« Madagascar, pays cible de la coopération régionale de la Réunion », c'est, en tout cas, ce qu'a déclaré Huguette Bello, la présidente de cette région et île française de l'océan Indien, qui clôture ce jeudi 22 juin une visite de trois jours chez sa voisine, la Grande Île. Un déplacement qui aura été l'occasion pour l'élue de signer trois conventions de partenariat entre la région française et Madagascar. Agro-écologie, agro-alimentaire, éducation, santé : le Grand Sud du pays, régulièrement en proie à la famine et la désertification, bénéfice de l'essentiel des projets de coopération. Un choix qui découle directement d'une relation historique très forte entre les deux régions.

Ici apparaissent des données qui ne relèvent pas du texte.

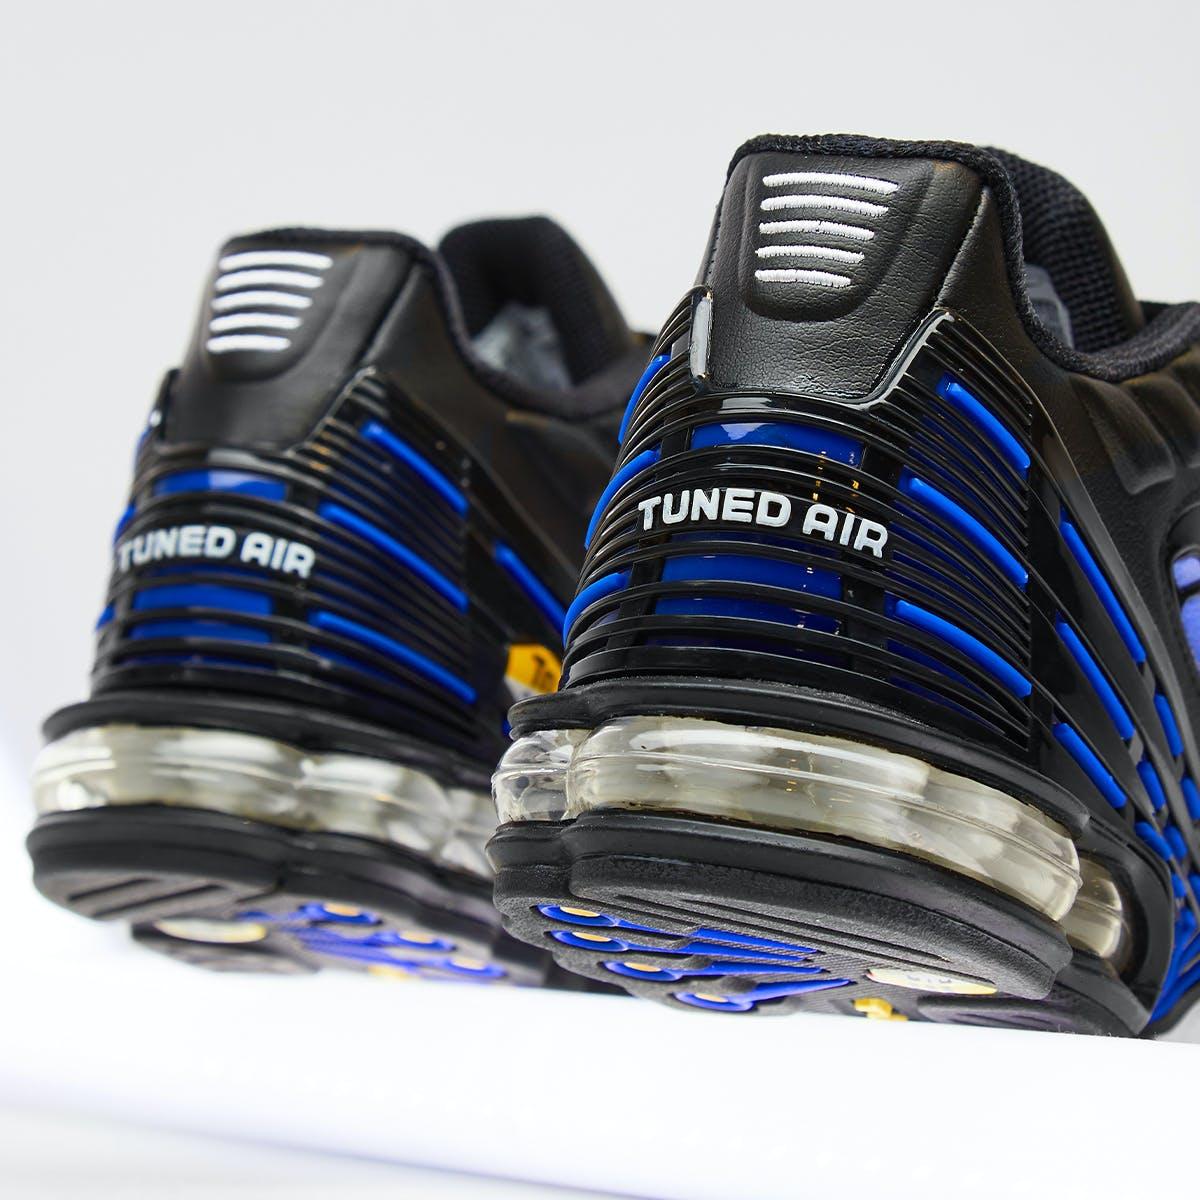 Nike Air Max Plus III - CJ9684-001

Impossible pour Huguette Bello, la présidente de la région Réunion, de ne pas rappeler les bases des liens qui unissent le Grand Sud malgache et son île : « La Réunion a été peuplée, notamment, par des personnes de Fort-Dauphin et dans des conditions insoutenables puisque c'étaient des personnes réduites en esclavage. La première mère qui a mis au monde le premier enfant réunionnais est une Malgache. »
« Co-développement »
Les régions Anosy et Androy bénéficieront au cours des trois prochaines années de plusieurs projets de coopération régionale. Des projets dits « de co-développement », pensés pour être mutuellement profitables, indique encore Mme Bello : « Nous voudrions qu'il y ait une réciprocité. Aujourd'hui, en matière d'agriculture, nous avons des étudiants réunionnais qui viennent à Madagascar faire leur volontariat. Mais nous souhaiterions désormais accueillir des Malgaches dans nos lycées agricoles. Nous voudrions aussi faire ce que l'on appelle le circuit court. »

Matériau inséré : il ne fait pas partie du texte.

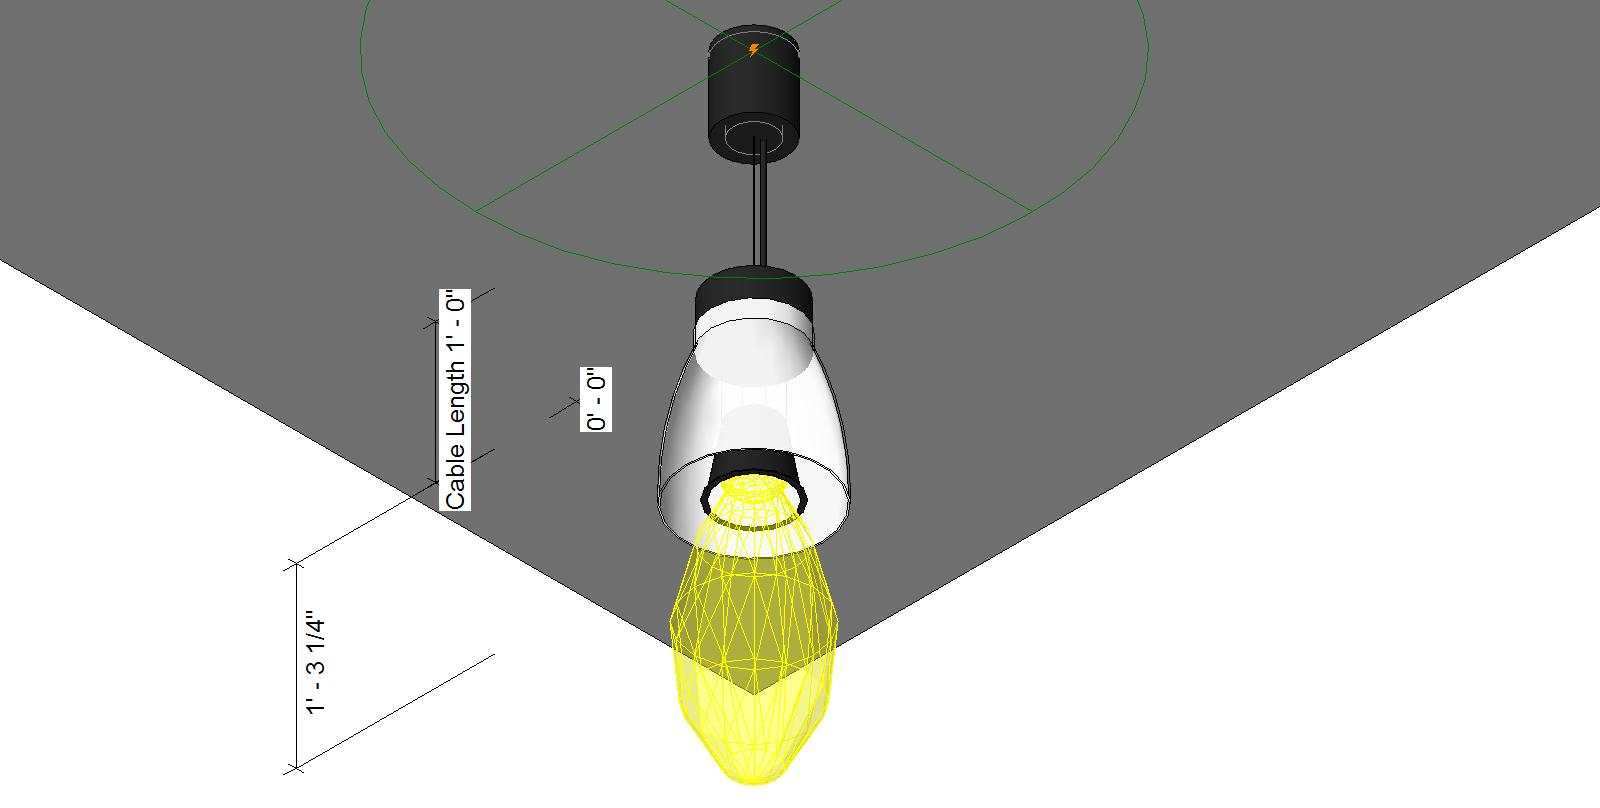 Pendant Lighting Revit Pendant Light Revit Model Pendant

Un circuit loin d'être la norme aujourd'hui, souligne l'élue, qui pointe les trajets absurdes et polluants, des produits malgaches vendus à la Réunion : « Eh bien aujourd'hui, le voyage, c'est Madagascar-Paris, Paris-Réunion, quand cela devrait être Madagascar-Réunion. Et donc il y a quand même quelque chose qui ne va pas. Nous disons à chaque fois que Madagascar qui compte 30 millions d'habitants plante du riz pour les Malgaches mais qu'ils plantent un peu aussi pour les 860 000 Réunionnais. Le circuit court ça veut dire que nous n'achetons pas notre riz chez les pays asiatiques, ou les produits dont nos élevages ont besoin, au Brésil. »
En marge des signatures, la femme politique a à plusieurs reprises abordé avec ses homologues malgaches un sujet qu'il lui tient à coeur. Celui de la contraception. Une affaire d'éducation, assène Huguette Bello, qui doit être pensée et partagée, « Y compris avec les hommes ». Dans quelques décennies, poursuit-elle, « la Terre ne pourra plus nourrir toutes ces bouches. Je ne suis pas là pour donner des leçons. Néanmoins, je ne voudrais pas que ce qui a été fait avec brutalité chez nous dans les années 60-70, les avortements forcés, les ligatures des trompes imposées aux Réunionnaises (le taux de natalité est passé de 7 enfants par femme en 1950 à 2,4 aujourd'hui), je ne voudrais pas que cette histoire douloureuse de la contraception, se reproduise dans un quelconque pays. Il faut une éducation. Lorsqu'une femme est éduquée, c'est la nation entière qui est éduquée. »
Corriger les erreurs du passé
Un discours qui devrait ébranler les franges les plus religieuses du pays qui se refusent encore à aborder cette problématique. Sur l'île, seule 40% des femmes en âge de procréer, utilisent une méthode de contraception moderne.
Pour Huguette Bello, ces projets de coopération doivent aussi corriger les erreurs du passé : « La France a un devoir de réparation vis-à-vis de la Grande Île parce qu'elle a été la puissance coloniale qui est partie en laissant un maître d'école et un médecin ». Près de 70 millions d'euros de fonds européens et réunionnais ont été mis à disposition des projets de coopération régionale dans l'océan Indien. Madagascar, comme lors de la précédente programmation, devrait bénéficier de 70% de ce budget.